**Collected material:**
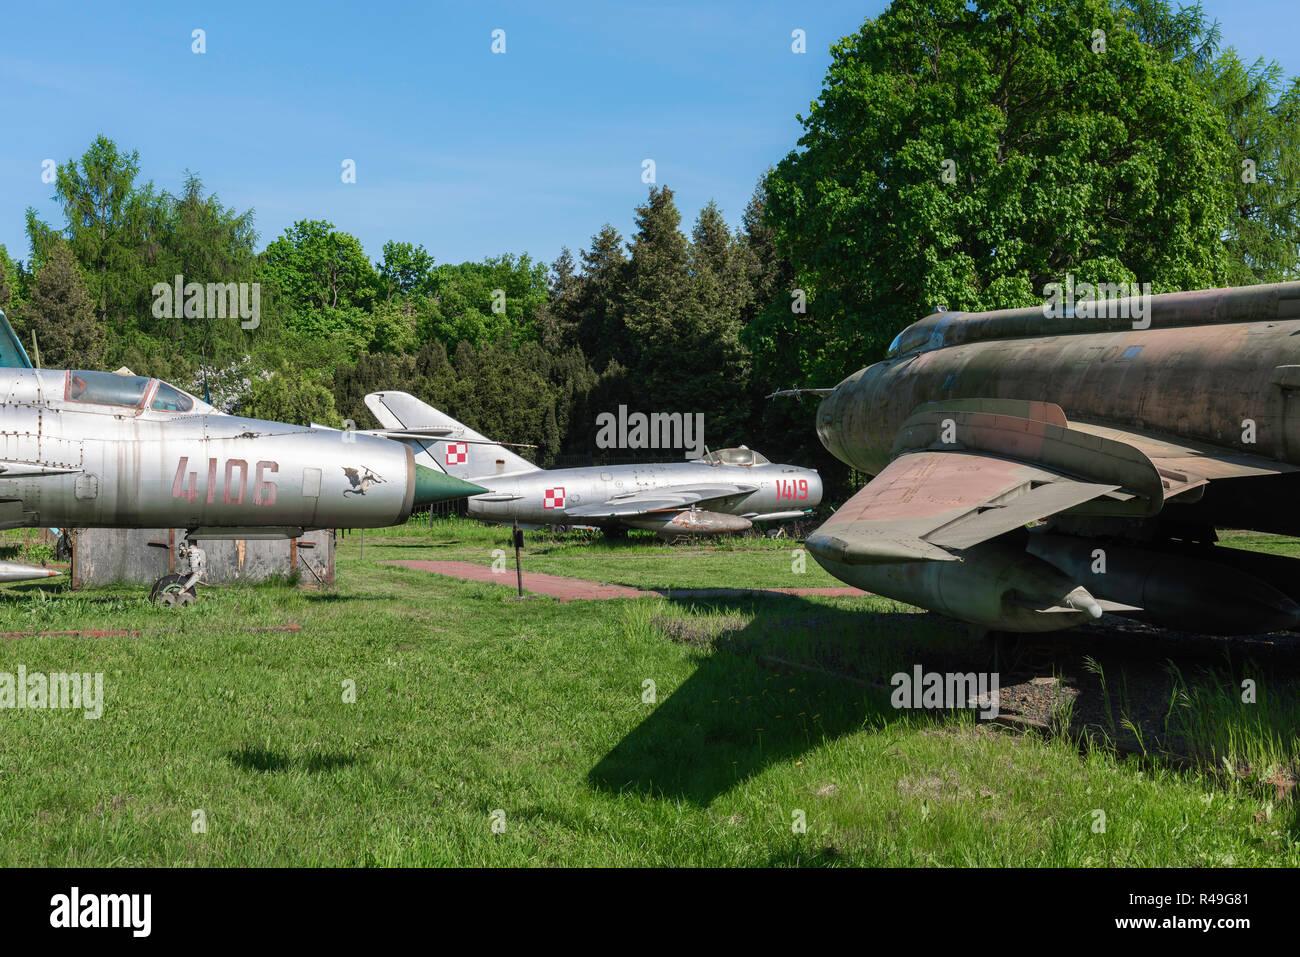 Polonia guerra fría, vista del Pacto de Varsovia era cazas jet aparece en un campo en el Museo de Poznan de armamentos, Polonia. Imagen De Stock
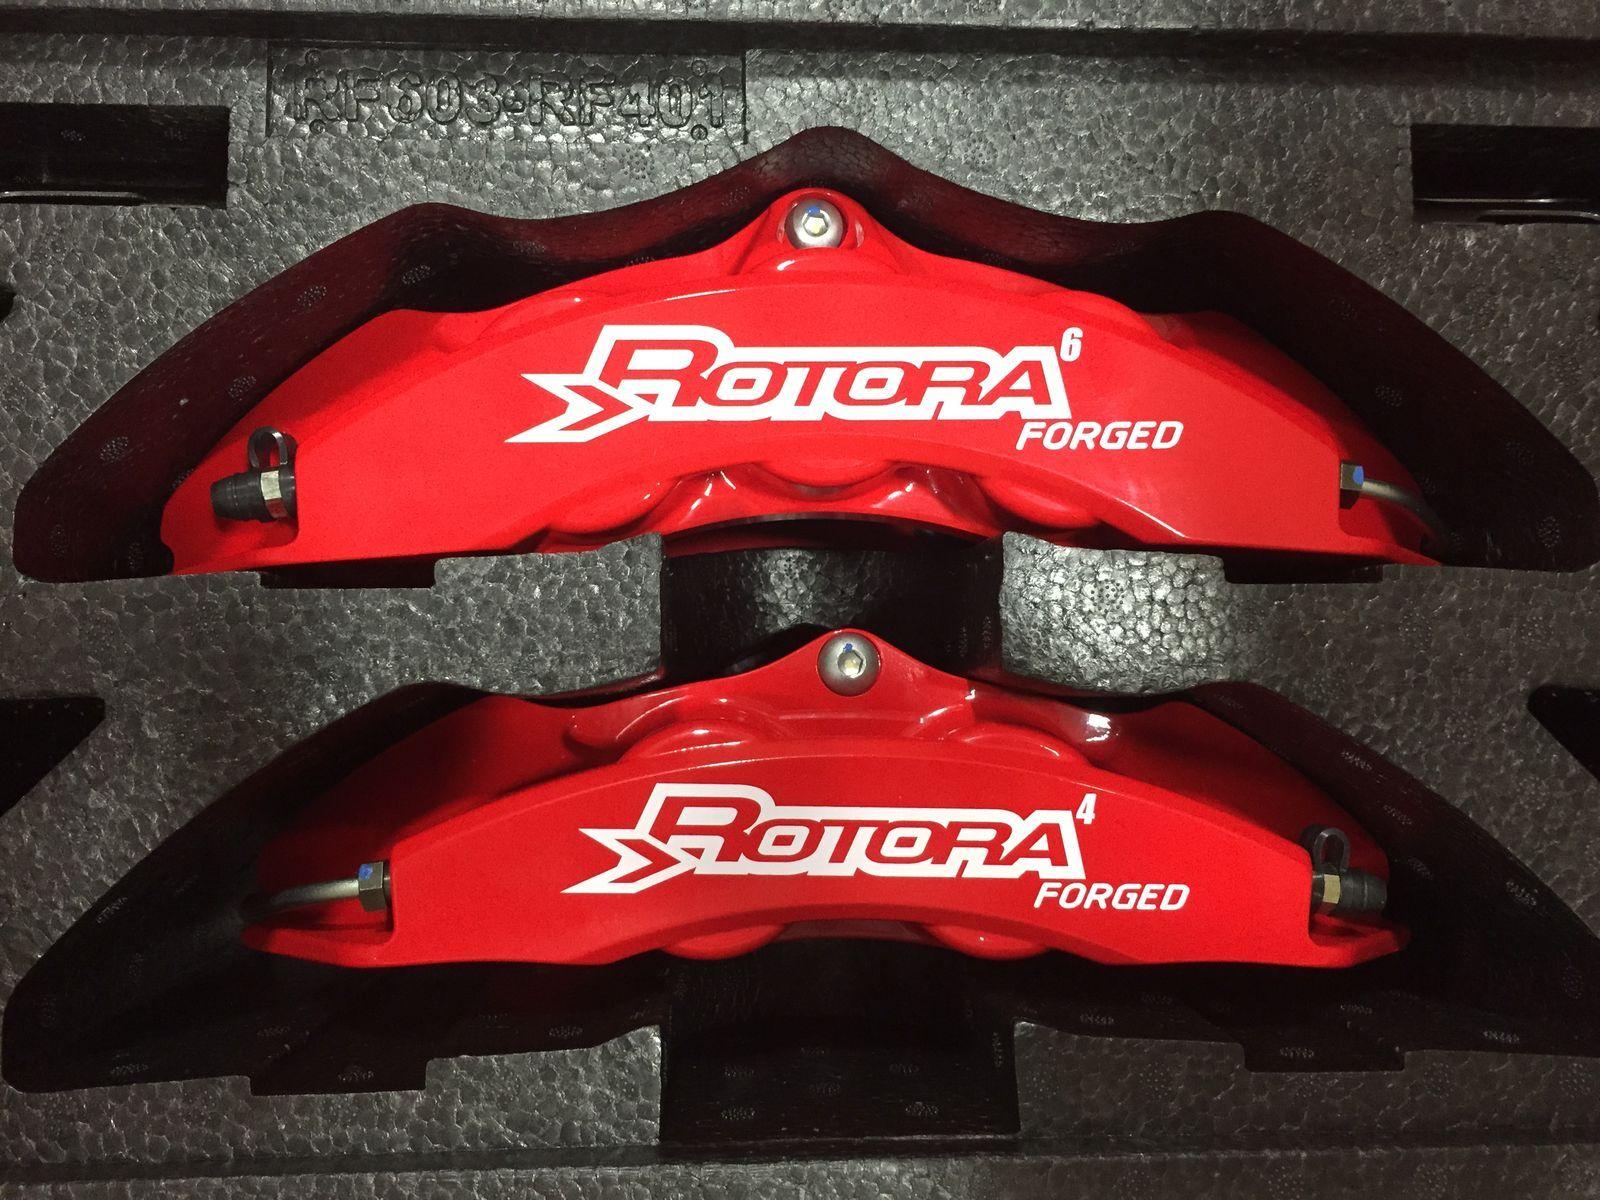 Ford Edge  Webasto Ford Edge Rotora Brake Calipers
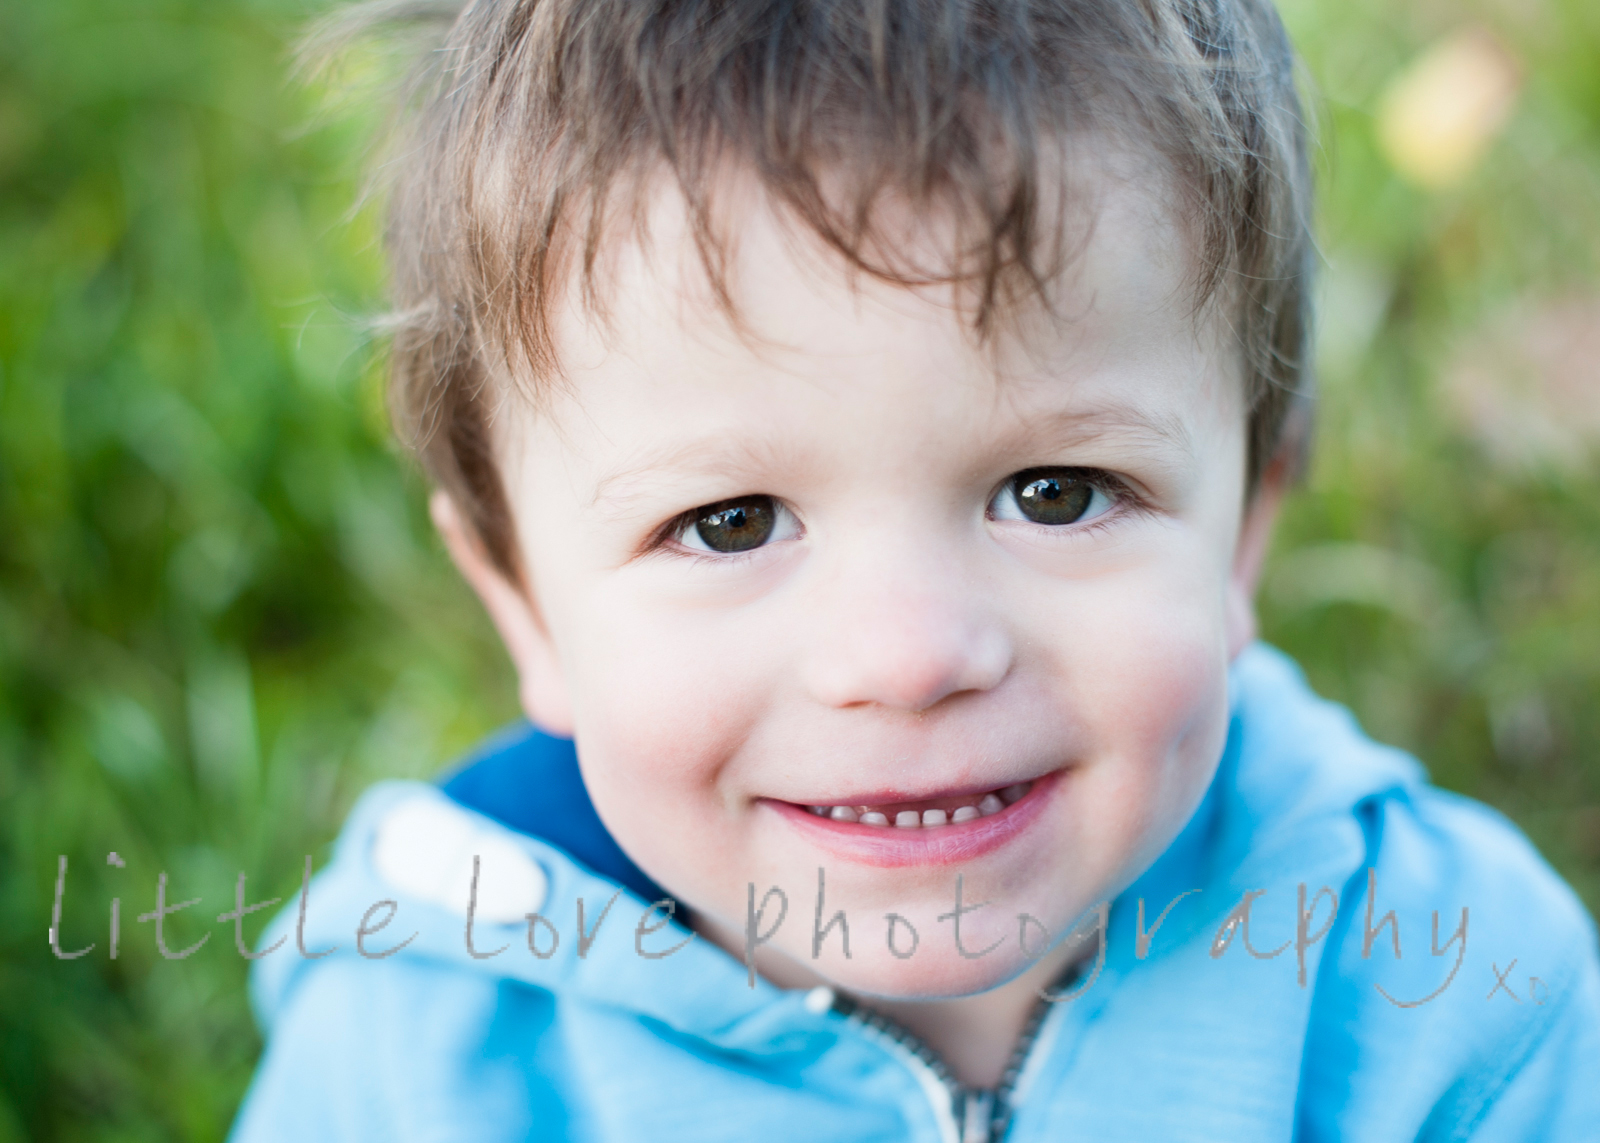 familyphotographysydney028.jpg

**Description of the task:**
The pictures stay out; copy the rest of the data word for word.

**Solution to the problem:**
 Polonia guerra fría, vista del Pacto de Varsovia era cazas jet aparece en un campo en el Museo de Poznan de armamentos, Polonia. Imagen De Stock
 Ford Edge  Webasto Ford Edge Rotora Brake Calipers
 familyphotographysydney028.jpg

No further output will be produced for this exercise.